Daily News  |  August 4, 2001  |  Share  |  Source article

Michael Bloomberg has a Kathie Lee Gifford problem.

Nonunion workers toiling for 60 cents an hour in Salvadoran sweatshops made the "Mike for Mayor" T-shirts that are being distributed by the billionaire's self-funded mayoral campaign.

The National Labor Committee, an advocacy group for worker and human rights in Central America, researched the origin of the T-shirts at the request of the Daily News and concluded they were sweatshop-produced.

"When you are talking about El Salvador, you are talking about a place where there is no rule of law when it comes to the apparel factories," said Charles Kernaghan, the group's director.

The shirts were made by Delta, a Georgia-based apparel supplier, and "assembled in El Salvador of U.S. components," according to the label inside the collar. A U.S. silk-screener added the "Mike for Mayor" lettering across the chest.

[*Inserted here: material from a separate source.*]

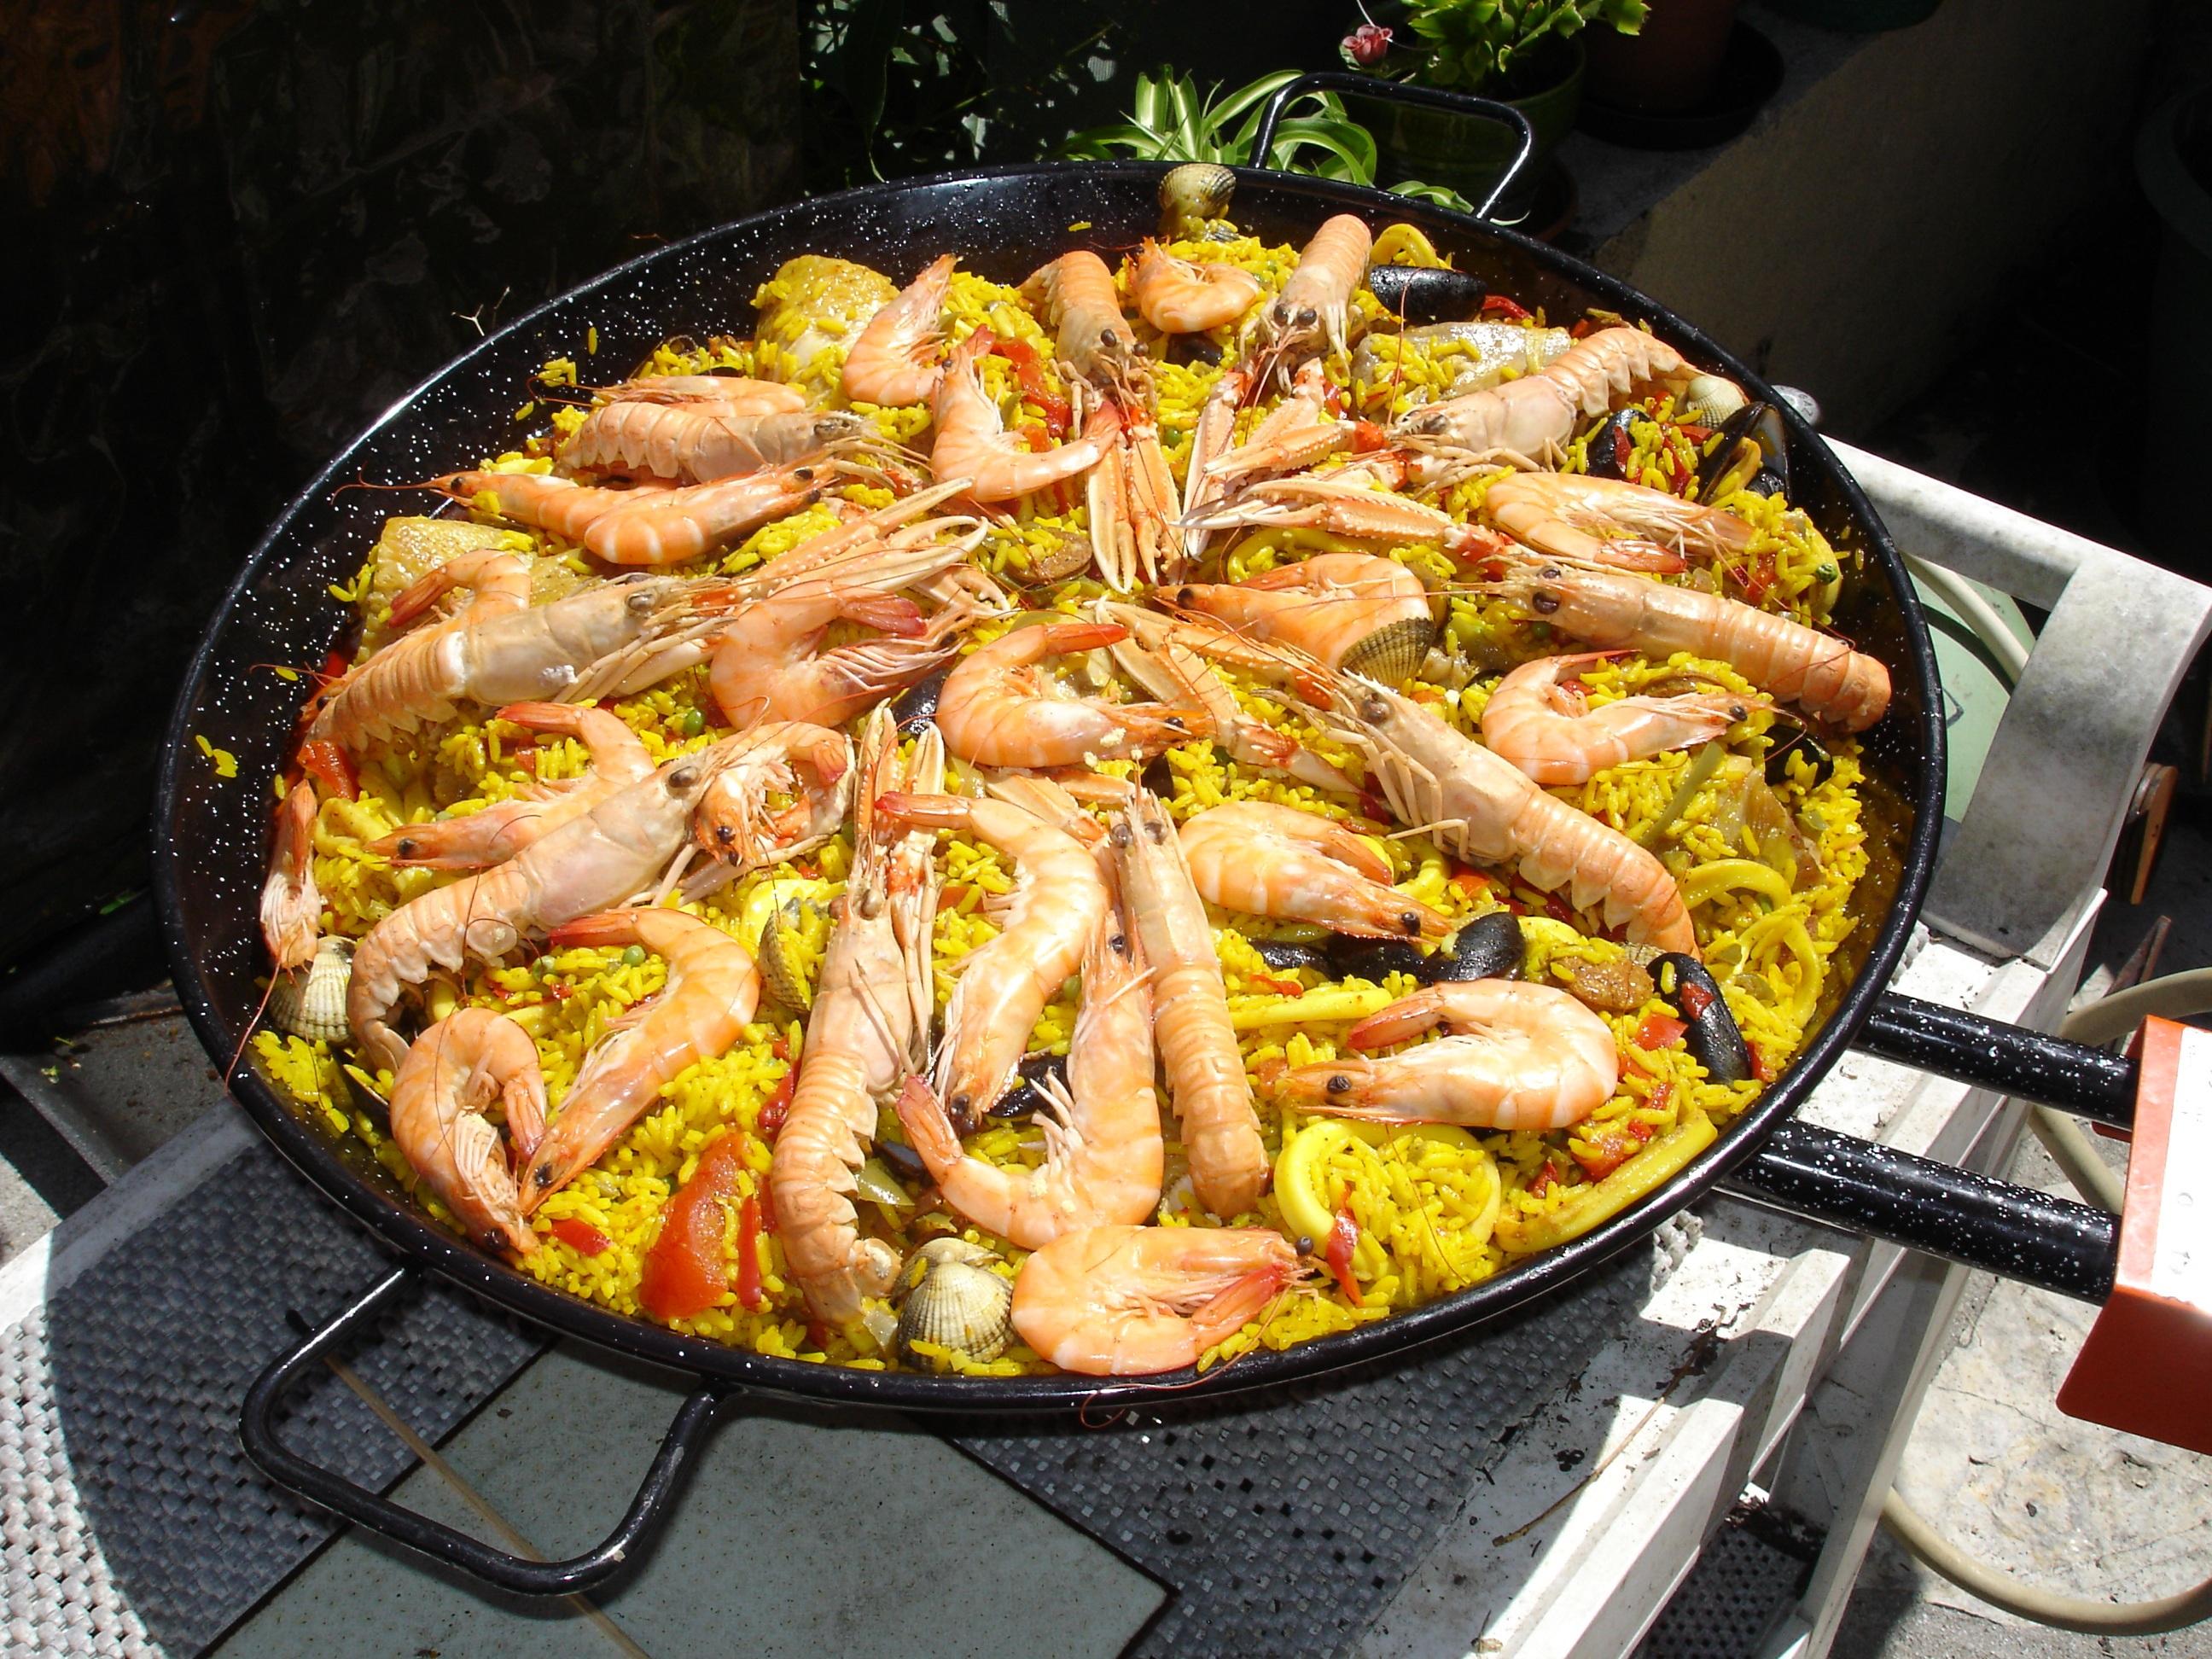 Fotos gratis : plato, cocina, carne, Mejillones, paella ...

The Bloomberg campaign ordered the shirts from a Manhattan supplier of political materials, N.G. Slater, and was unaware of sweatshop involvement, said campaign adviser Bill Cunningham.

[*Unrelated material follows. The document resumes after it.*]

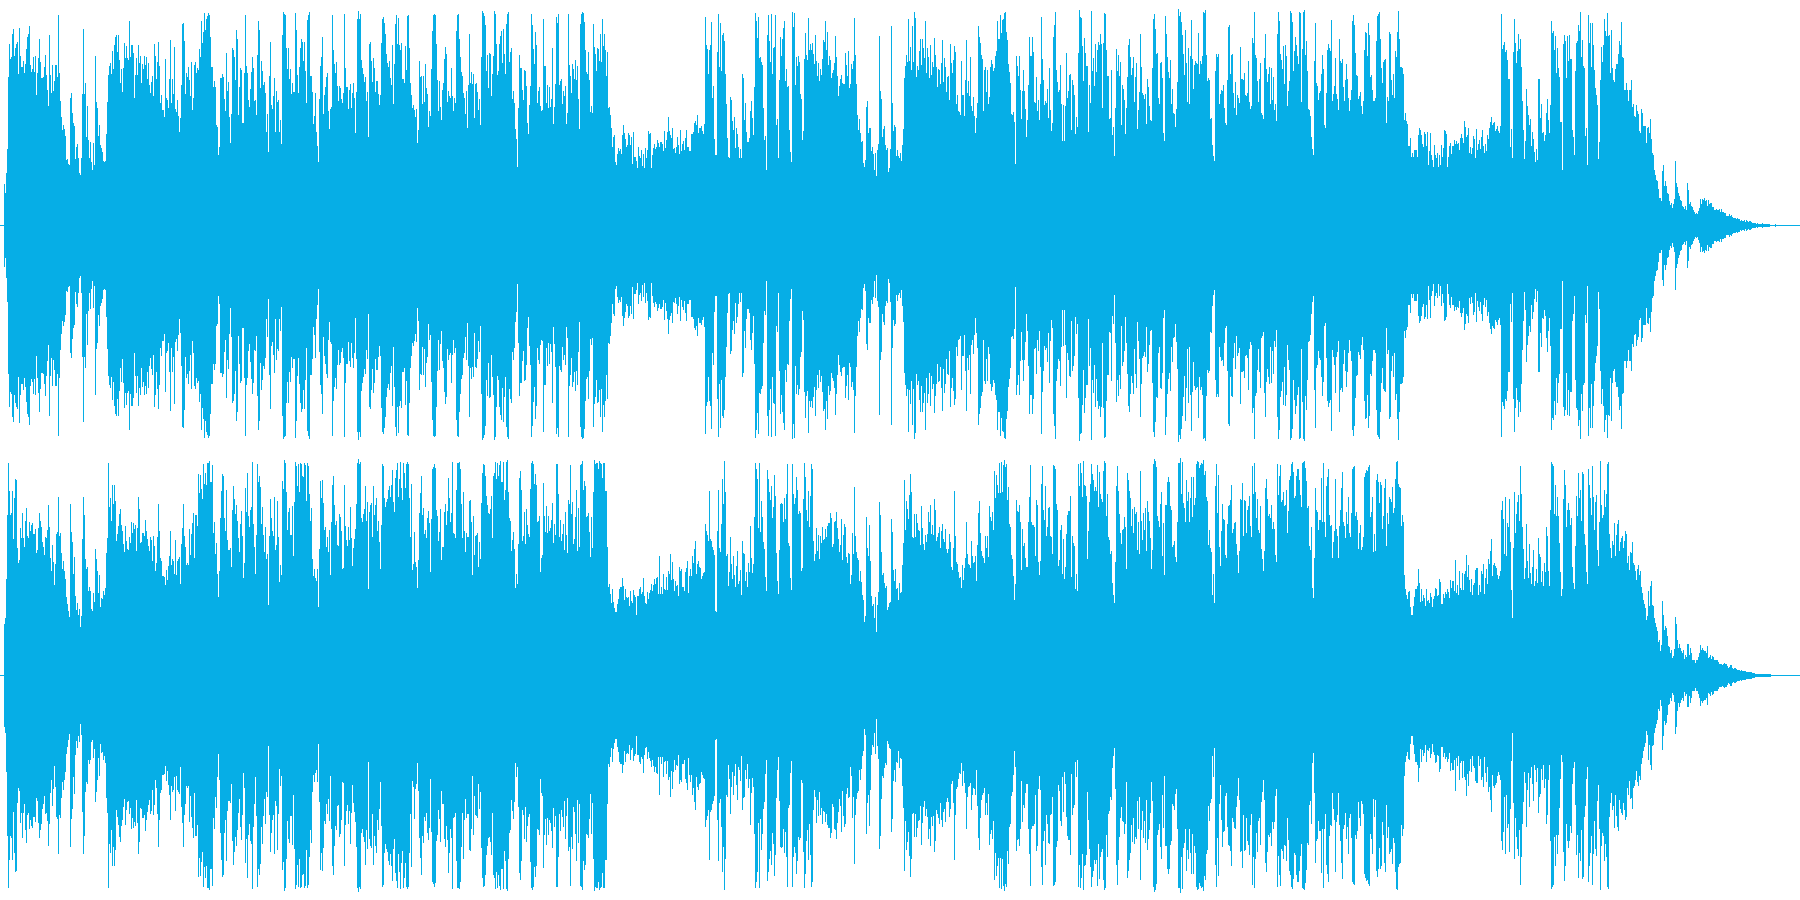 荘厳でダークな雰囲気のBGMの再生済みの波形

"If that is accurate - and it is news to us - I can assure you we will not be ordering any shirts from them again," he said.

Customs Service records show that Delta imports shirts from two factories in El Salvador: Industrias Amitex and J & A Textiles.

The labor committee has found horrendous conditions - by U.S. standards - at the Amitex plant, including mandatory pregnancy tests for women seeking jobs, mandatory 11-hour shifts and an average workweek of 65 hours.

Pay averages 60 cents an hour, the legal minimum wage, which places, by the Salvadoran government's own definition, a worker in "extreme poverty."

The advocacy group has conducted no such investigation of J & A Textiles but said conditions in Salvadoran garment factories are virtually the same.

"I'm comfortable saying that if it's in El Salvador, it's a sweatshop," Kernaghan said.

Informed by The News of the committee's findings, officials at Delta did not respond to a request for comment.

Cunningham noted that a variety of politicians, from former presidential candidate Ralph Nader to Sen. Hillary Clinton, have ordered goods from N.G. Slater. "So you have a great story - all of these politicians are using a firm that patronizes sweatshops," he said.

But Alan Slater, the company's vice president, said the buttons and other materials he produces in-house are made by unionized workers. T-shirts, however, are ordered from a supplier.

He said neither Nader nor Clinton had purchased T-shirts through him, and that few politicians do.

When the Bloomberg campaign ordered the 500 shirts, Slater said, he never thought to ask his supplier to provide union-made apparel. Bloomberg's representative did not specify such a requirement, he added.

"Now I know why the Delta shirt is so cheap," Slater said.

If Bloomberg wants advice on handling the problem, he could turn to Gifford.

After it was revealed that her line of clothing was being made in sweatshops, the TV star joined a national organization that created a manufacturing code of conduct. A clothing maker or retailer subscribes to the code and makes its factories agree to abide by it.